Detecting Pathogens In The Blood
Doctors use test patients’ blood to check for a number of elements of health, from detecting cholesterol levels to diagnosing rare tropical diseases. Most blood tests require a laboratory for analysis, but sophisticated labs and equipment are not always available, depending on where the patient is located. For remote clinics, sending off the samples and waiting for the results can take days or weeks, and during this time, a patient obviously isn’t receiving treatment. To speed up that process, researchers from two universities have miniaturized a blood lab into a handheld device that is compatible with a smartphone.
A single drop of blood is all it takes to test for Zika, dengue, and other infectious diseases.
The device itself (without the smartphone) is only the size of a credit card. Grooves in the chip suck in small amounts of blood that are lit up by the smartphone’s LED. A group of sensors analyze how light passes through the blood, which the system compares to the results of tests found to be positive. The entire test takes ten minutes. “Labs-on-a-chip” are cheap and fast, and diagnostics can be carried out in virtually any environment.
The researchers hope their device can detect even more pathogens in the future. A similar lab-on-a-chip, created by researchers at the Fraunhofer Institute for Cell Therapy & Immunology in Leipzig, Germany, can detect E. coli and salmonella pathogens in the blood.

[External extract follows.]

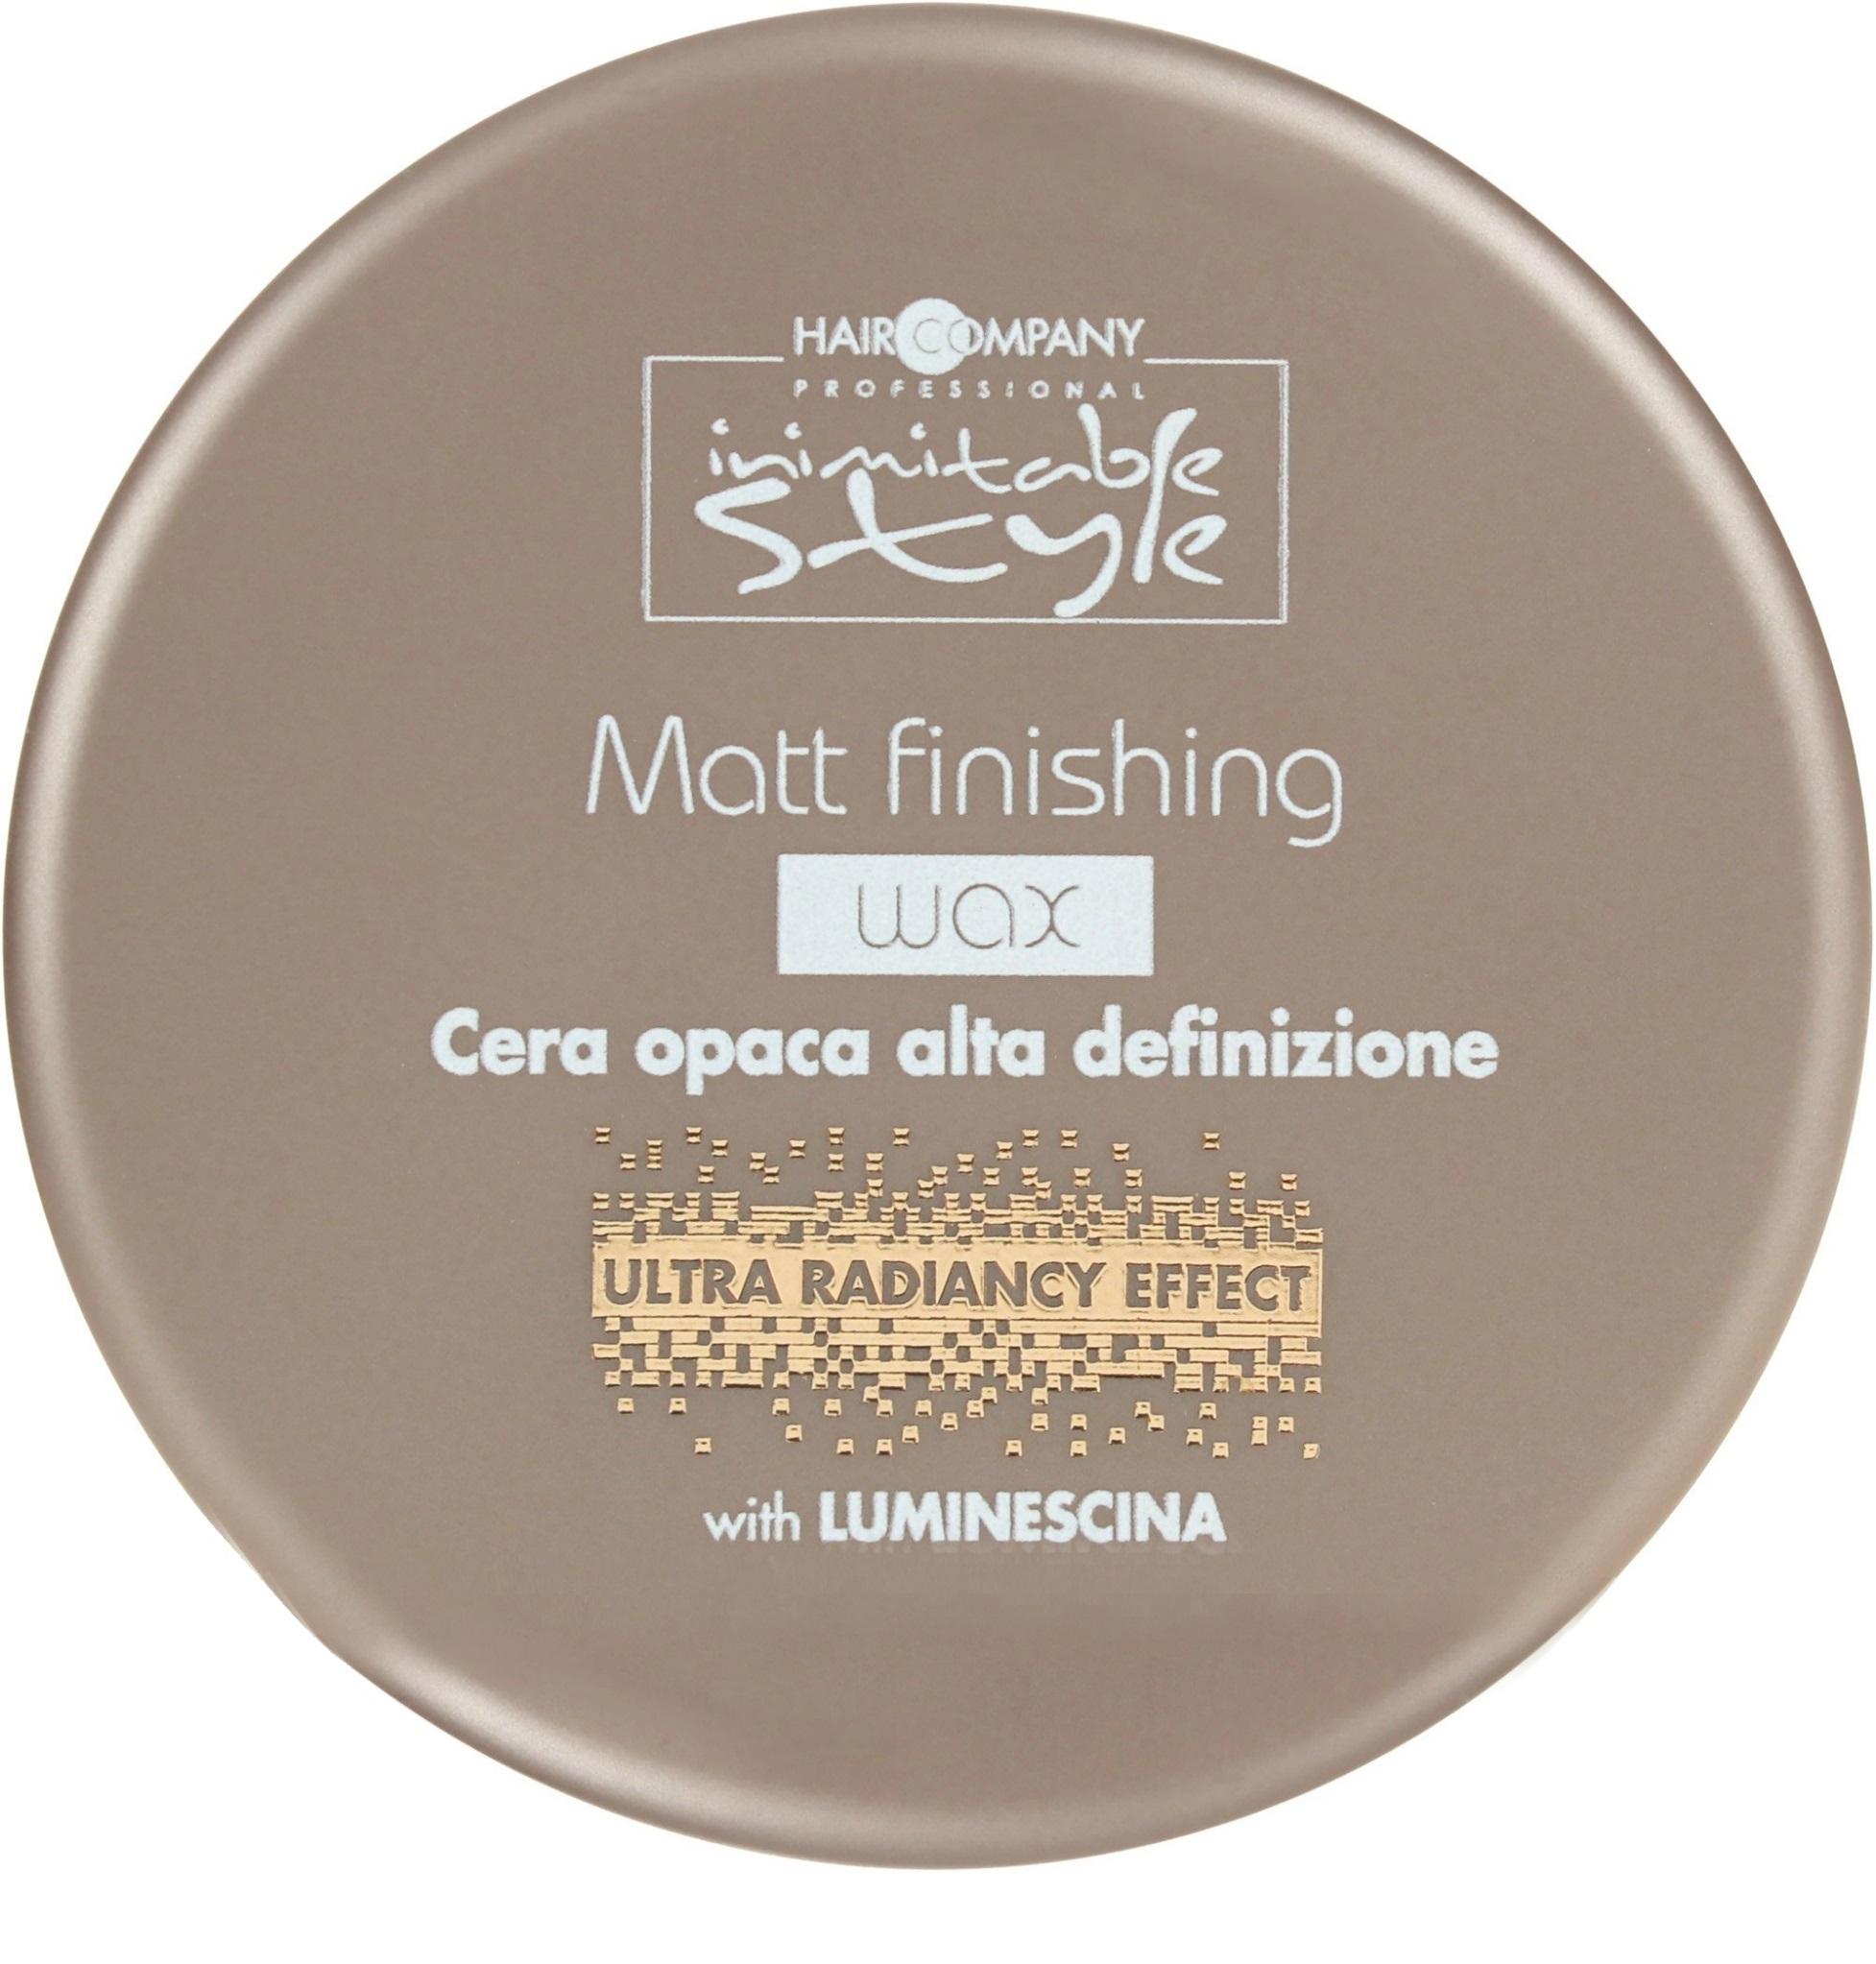 воск с матовым эффектом для укладки волос isoft matt clay wax 100 мл HAIR COMPANY Воск Matt Finishing Wax Завершающий с Матовым Эффектом, 100 мл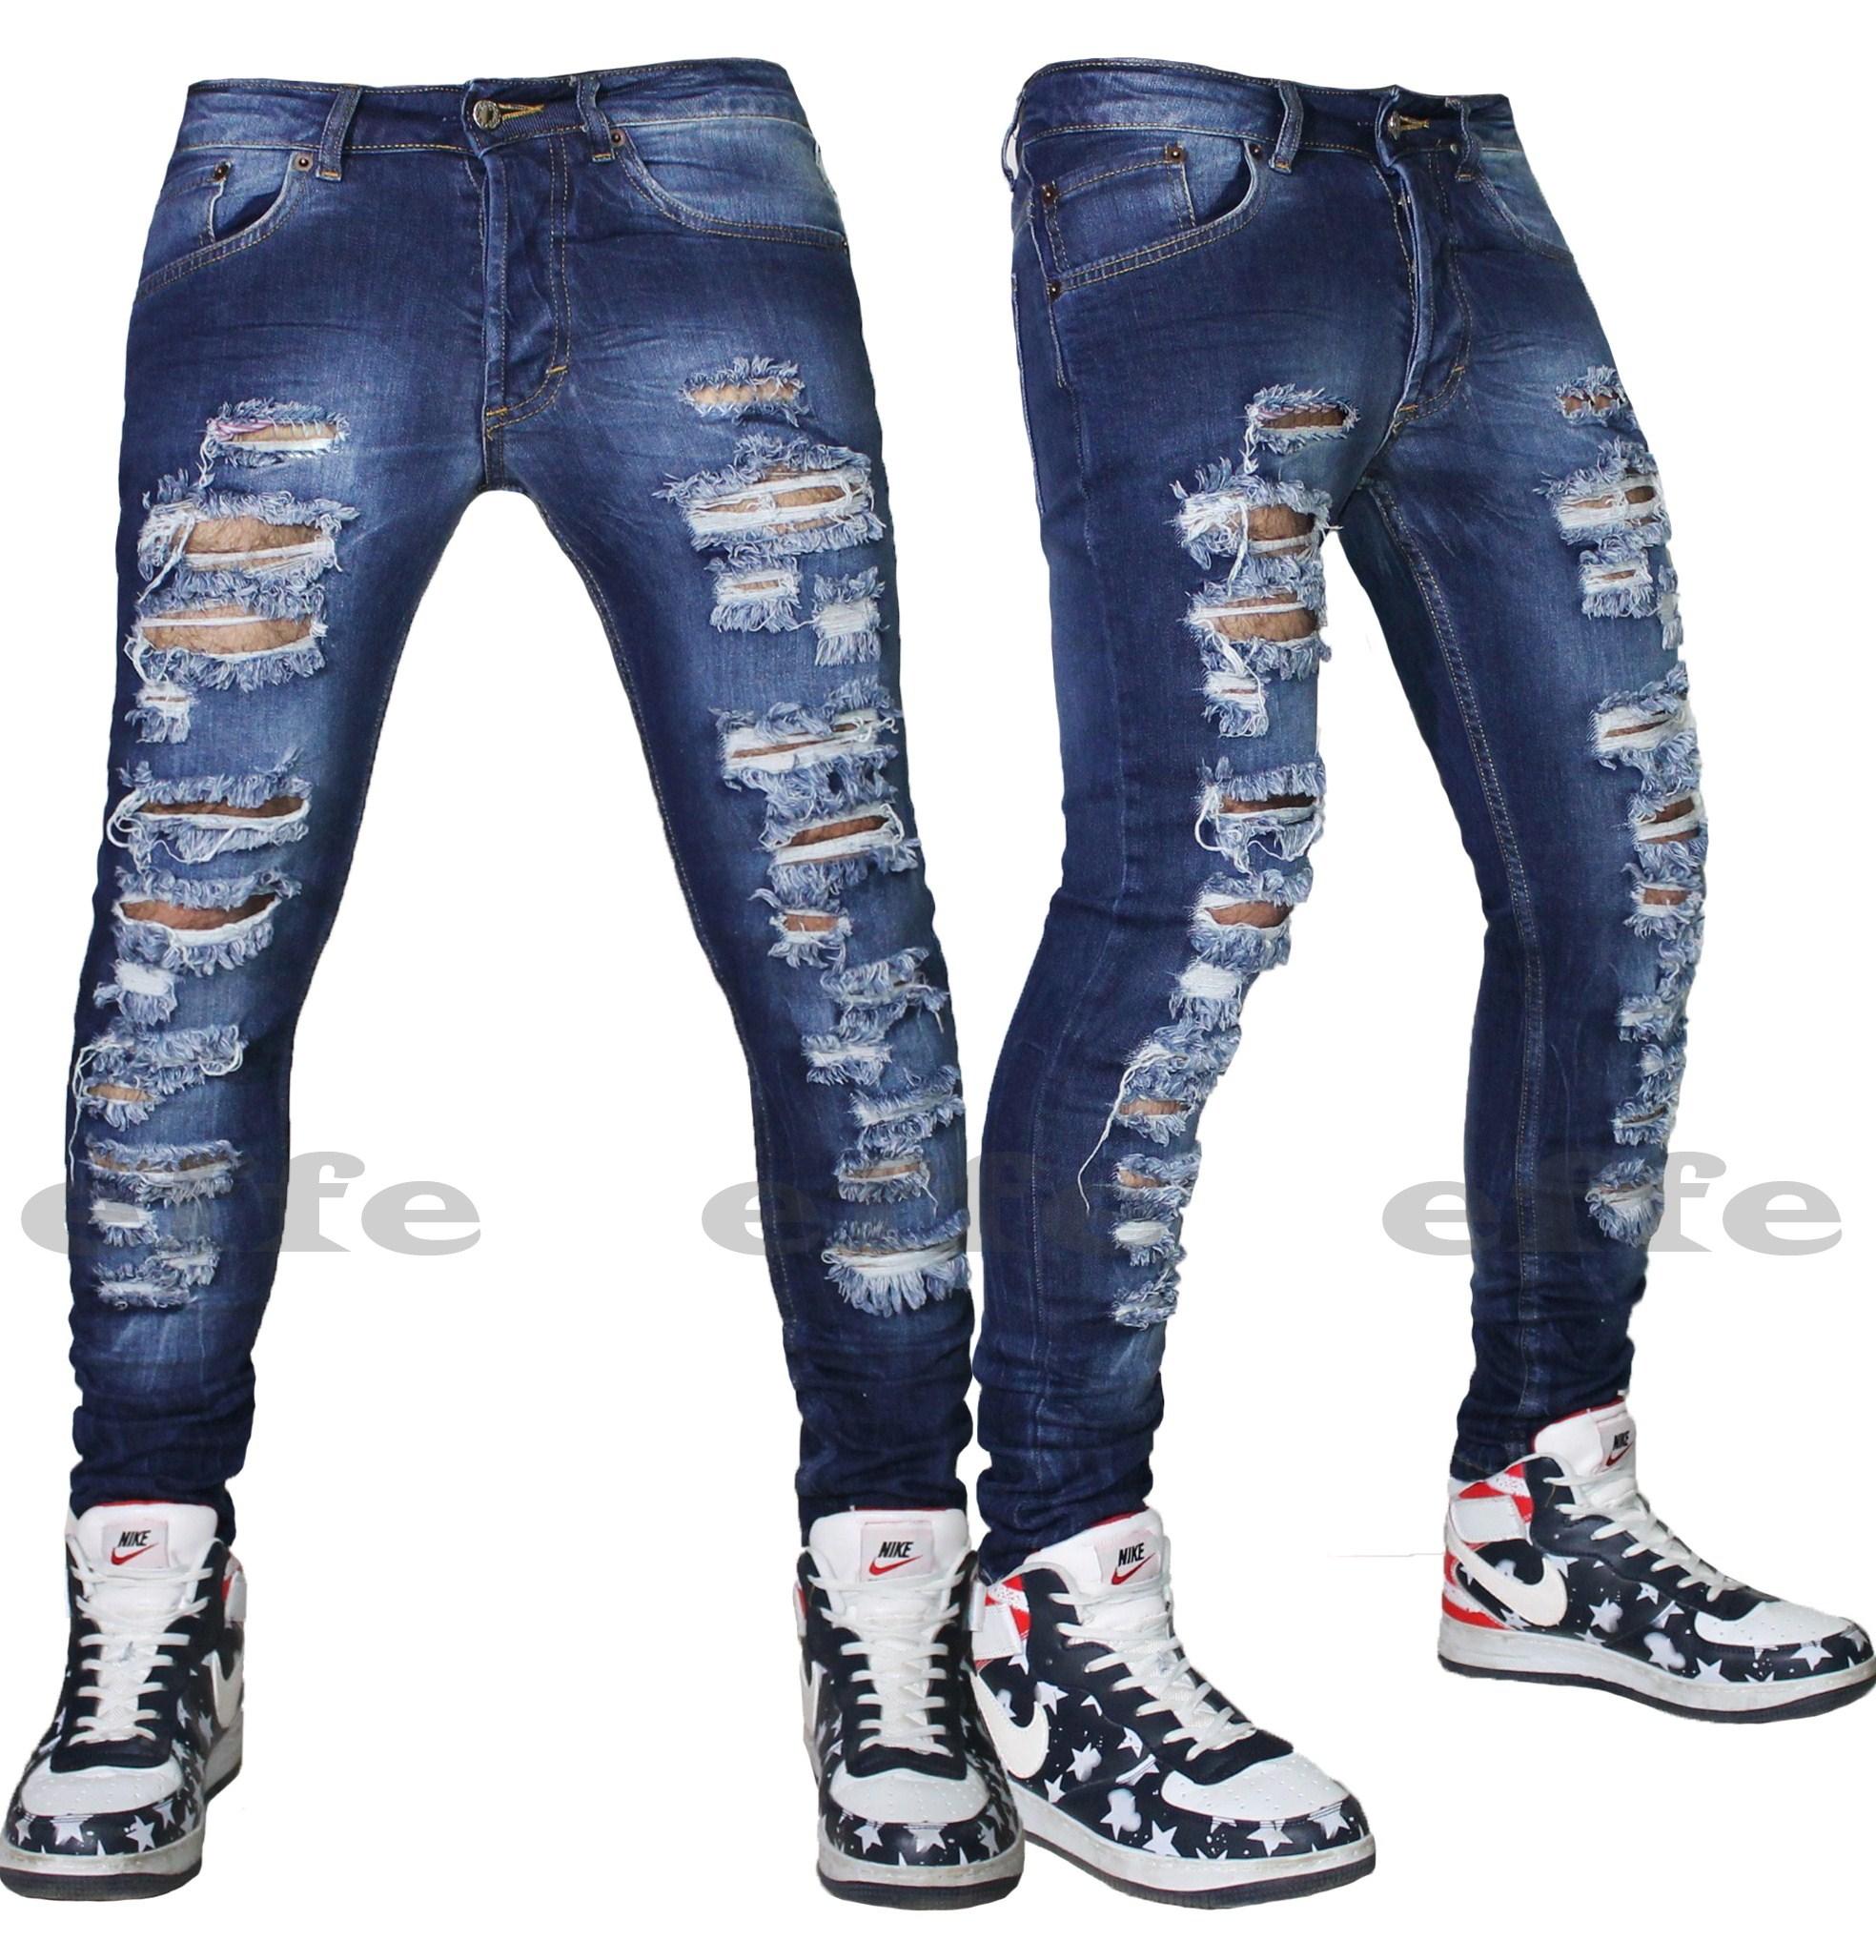 Jeans uomo Strappati sfilacciati DENIM blu slim elasticizzato stretti vita bassa | eBay

Similarly, researchers at Columbia University have developed a smartphone dongle that can diagnose HIV and syphilis in just 15 minutes. “Coupling microfluidics with recent advances in consumer electronics can make certain lab-based diagnostics accessible to almost any population with access to smartphones. This kind of capability can transform how health care services are delivered around the world,” Samuel Sia, an associate professor of biomedical engineering at Columbia University, said in a 2015 article published on the university’s website.
Tracking the Spread of Disease
Epidemiology is a deceptively complex field. Researchers have to pinpoint the origin and cause of an outbreak, often as it continues to spread. Collecting data can be difficult in rural areas; infrastructure can limit communication. Even if scientists have a good understanding of the symptoms of the disease and the way it is transmitted to humans, they may still struggle to keep track of those who are infected.
Cell phones have changed that. Now researchers are able to track the malaria parasite across Kenya. By overlaying maps of the prevalence of malaria over call or text data that tracked individual callers’ movements, researchers at the Harvard School of Public Health have helped officials strategically deploy mosquito nets, control task forces, and medications in Nairobi and surrounding areas to prevent malaria from spreading there.
Healthcare workers themselves communicate much more efficiently via short messaging services (SMS), according to a 2010 review. In South Africa, SMS allowed HIV-positive patients to notify or trace partners, track doctor’s appointments, and employ prevention techniques.
Cell phones have also helped healthcare professionals share collected data, expertise, and other insights, no matter where they live. Social networks such as doximity allow over half a million doctors to connect over the internet to share information and to peer-review each other’s work while still keeping identifying patient information confidential.
It also helps doctors streamline their workload — doctors can now access patient records directly on the app, or they can even call patients seamlessly. The patient can choose to either log in online, using their e-mail and password, or contact their healthcare professional directly through the app.
As chronic diseases such as diabetes and hypertension become more prevalent, smartphones allow doctors to remotely monitor patients’ health. Healthcare professionals can provide advice based on data that the patient collects.